As per the Article: https://kb.vmware.com/s/article/1022026

These messages appear as the Host Bus Adapter (HBA) driver aborts a command because the command took longer than the timeout period of 5 seconds to complete. An operation can take longer than the timeout period because of several reasons including:

Array backup operations (LUN backup, replication, etc)
General overload on the array
Read/Write Cache on the array (misconfiguration, lack of cache, etc)
Incorrect tiered storage used (SATA over SCSI)
Fabric issues (Bad ISL, outdated firmware, bad fabric cable/GBIC)

Action Plan:

From the logs I can see that VMBHA is running with driver version 1.6.0.50, but I am not able to see the firmware version.
https://www.vmware.com/resources/compatibility/detail.php?deviceCategory=io&productid=37359&deviceCategory=io&details=1&VID=1137&DID=0045&SVID=1137&SSID=0137&page=1&display_interval=10&sortColumn=Partner&sortOrder=Asc
Please check with the Hardware Vendor to confirm if you are running on the Compatible Driver/Firmware Version.

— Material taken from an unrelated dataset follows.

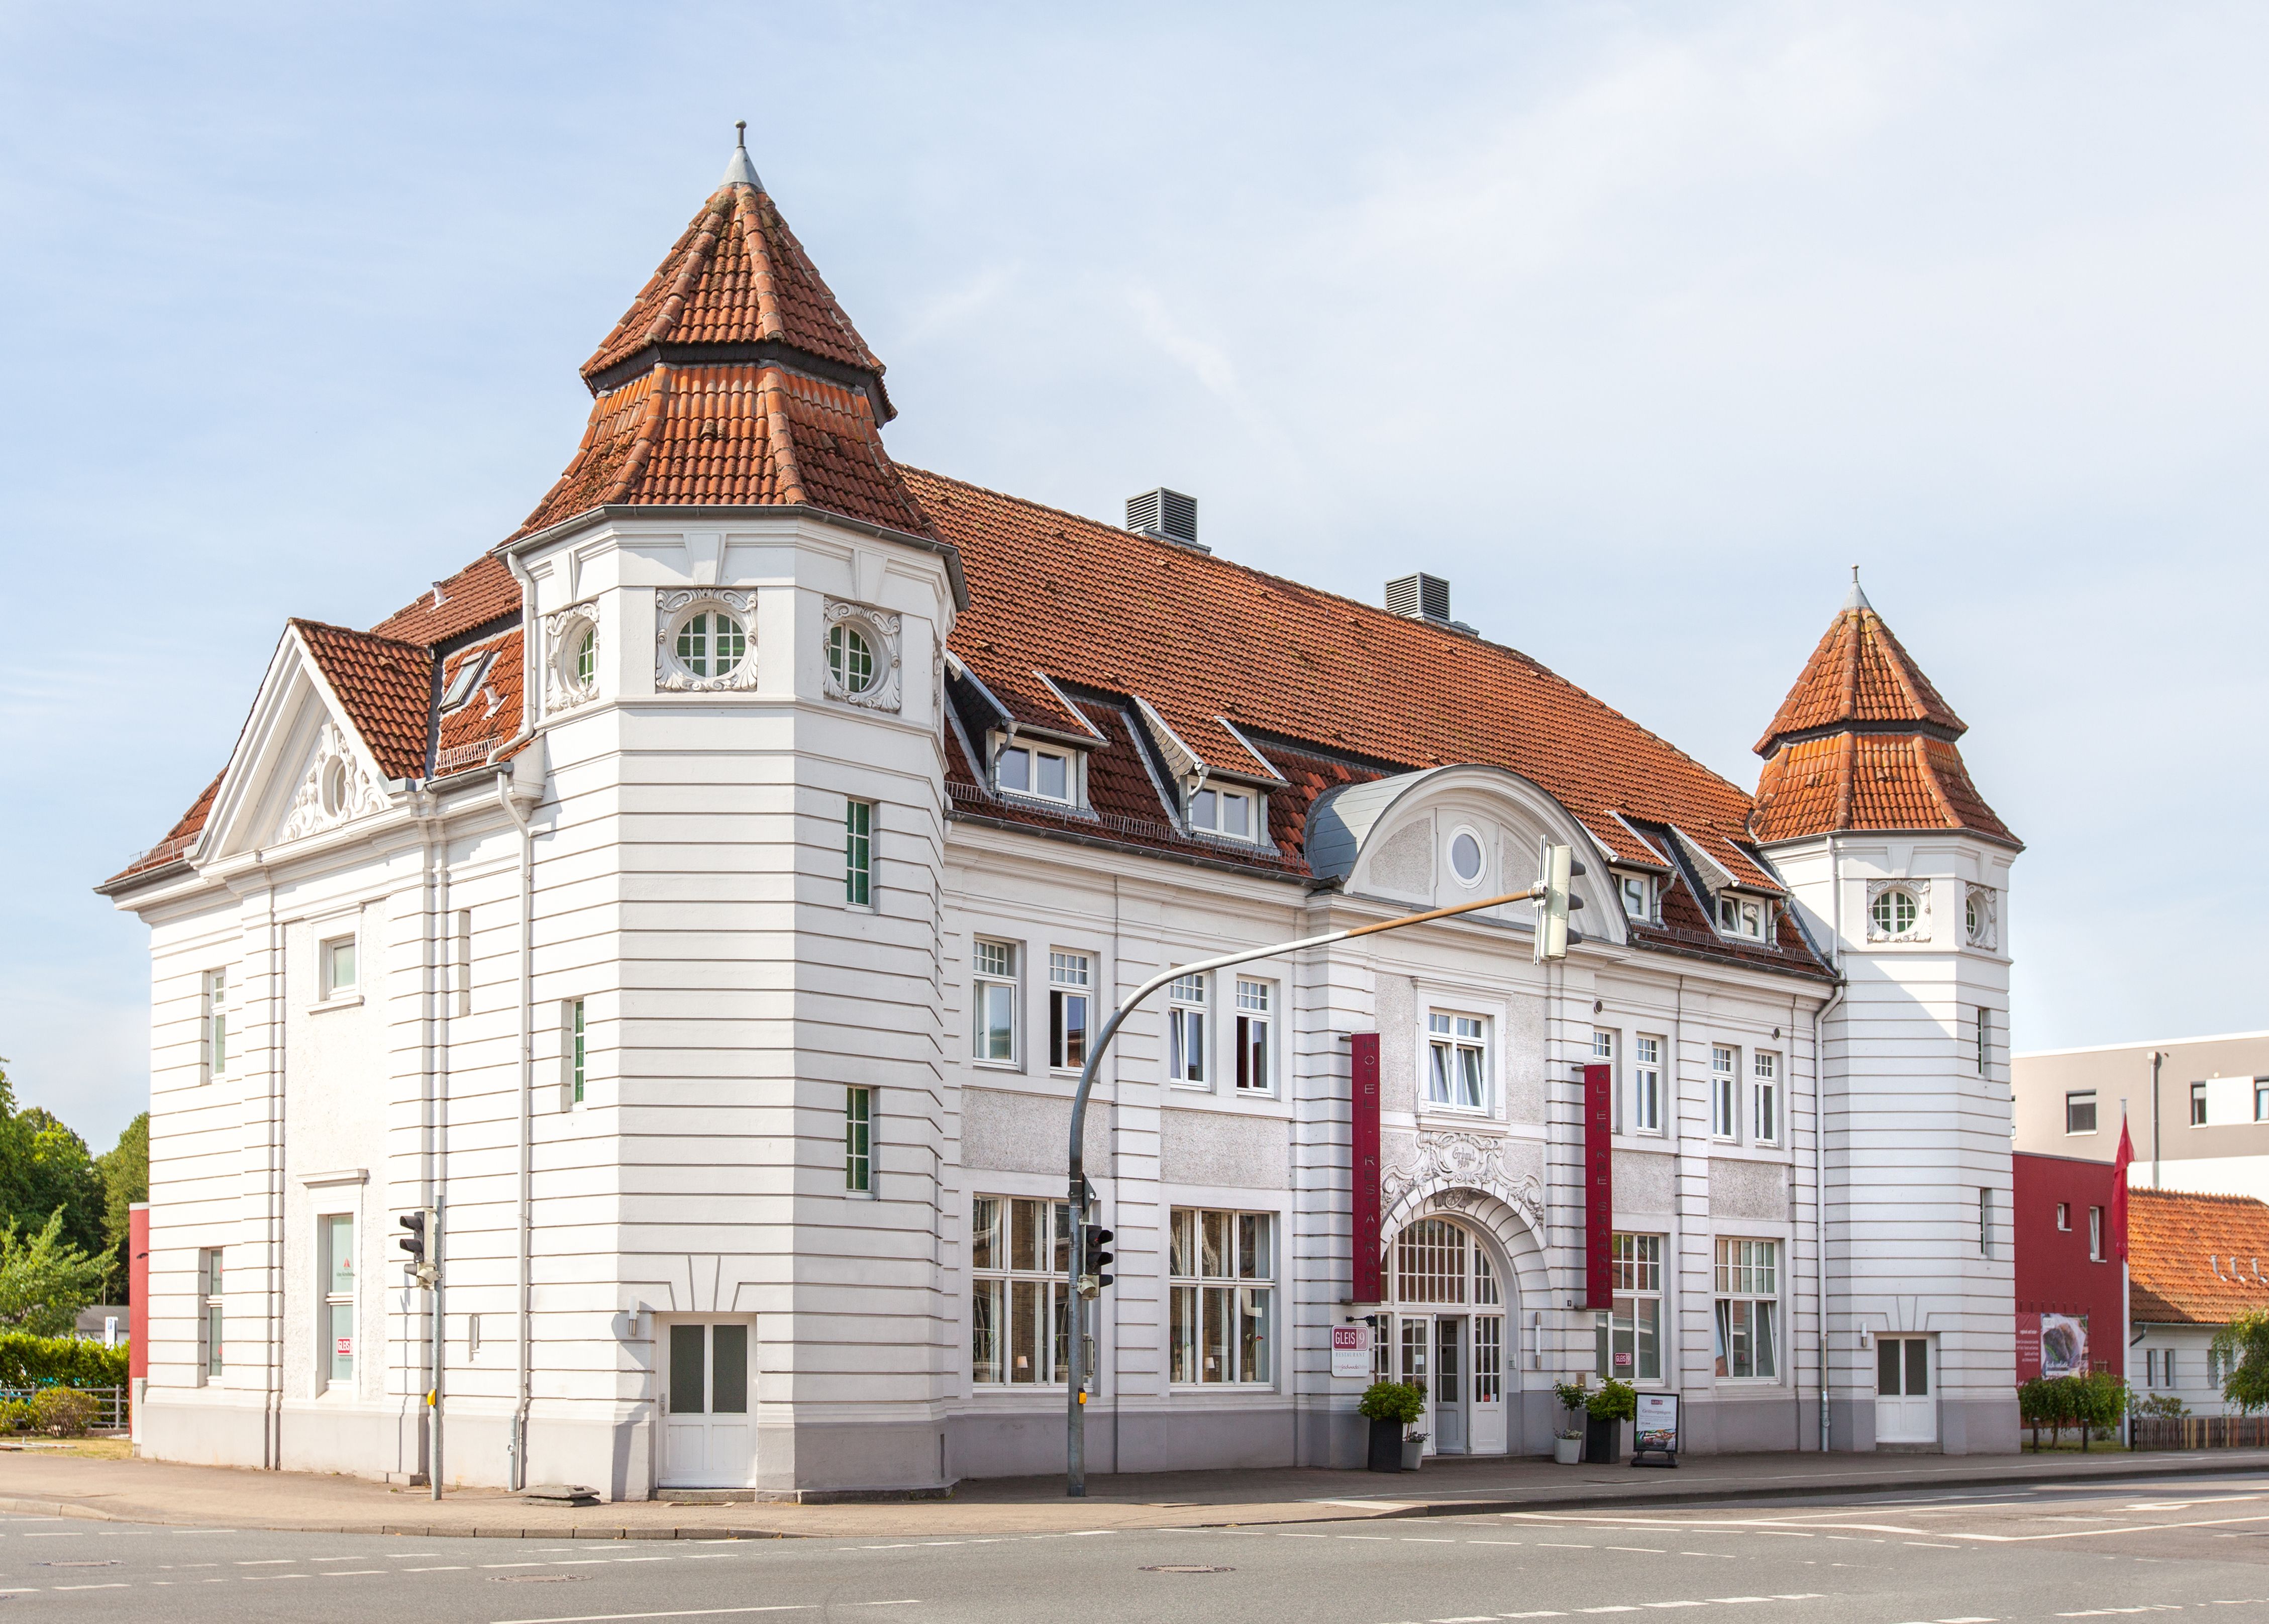 Hotel - Außenfassade
Historisches Bahnhofsgebäude aus dem Jahr 1904.

I will also recommend you to investigate the “State in Doubt” Errors with the Storage or Hardware vendor to investigate.

In order to have deeper understanding about the issue, we would need more information from the ESXi Host at the time when it’s in Not Responding State.

Please make sure that SSH is enable on all the ESXi Host as we would need to run the below commands at the time when we are experiencing the issue.

Capture the Live ESXi Kernel Dump:

Log in to the ESXi host command line via SSH or physical console
Instruct the system to perform a live dump via localcli:

localcli –plugin-dir /usr/lib/vmware/esxcli/int/ debug livedump perform

The core dump will then be gathered. This process can take some time, as it does during a PSOD. When the process is completed, you will be returned to the command prompt.
Once the core dump has been collected and the process is finished, gather a vm-support bundle to collect the logging, system state and livecore.